- Cover used by the iTunes Store Left to right: Simpson, Windham-Burke, Dodd, Beador, Judge, and Kirschenheiter.
- Starring: Tamra Judge; Shannon Storms Beador; Kelly Dodd; Gina Kirschenheiter; Emily Simpson; Braunwyn Windham-Burke;
- No. of episodes: 23

Release
- Original network: Bravo
- Original release: August 6 – December 26, 2019

Season chronology
- ← Previous Season 13Next → Season 15

= The Real Housewives of Orange County season 14 =

The fourteenth season of The Real Housewives of Orange County, an American reality television series, was broadcast on Bravo. It aired on August 6, 2019, until December 26, 2019, and is primarily filmed in Orange County, California.
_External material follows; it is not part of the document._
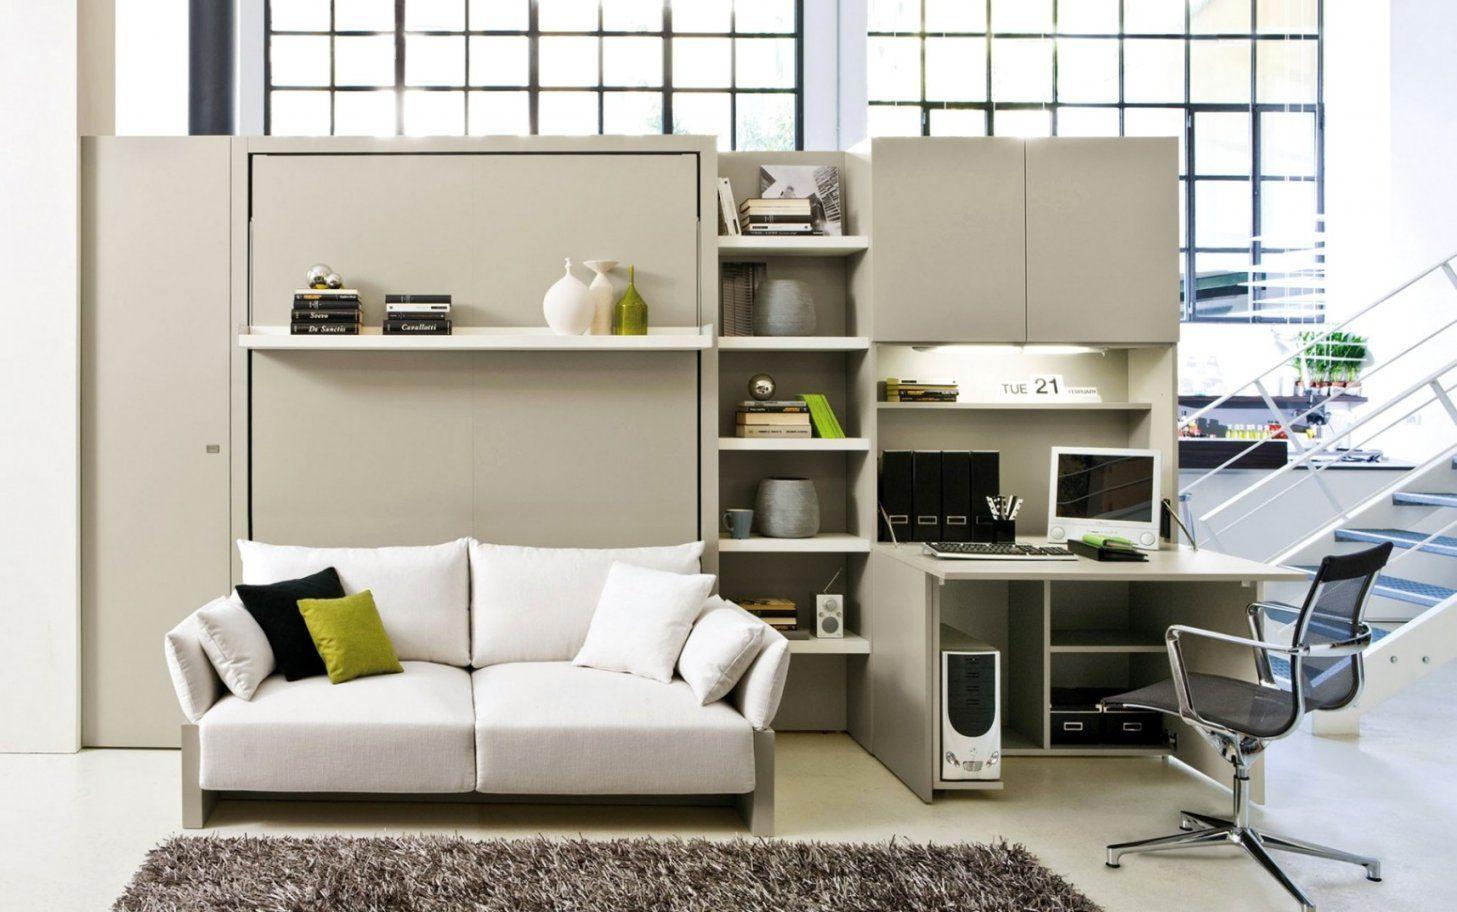 Interessant 46 Elegant Schrankbett Mit Integriertem Sofa Für von Schrankbett Mit Integriertem Sofa Photo

Its executive producers are Adam Karpel, Alex Baskin, Douglas Ross, Gregory Stewart, Scott Dunlop, Stephanie Boyriven and Andy Cohen.

The fourteenth season of The Real Housewives of Orange County focuses on the lives of Tamra Judge, Shannon Storms Beador, Kelly Dodd, Gina Kirschenheiter, Emily Simpson and Braunwyn Windham-Burke. Original housewife Vicki Gunvalson appeared as a friend of the housewives.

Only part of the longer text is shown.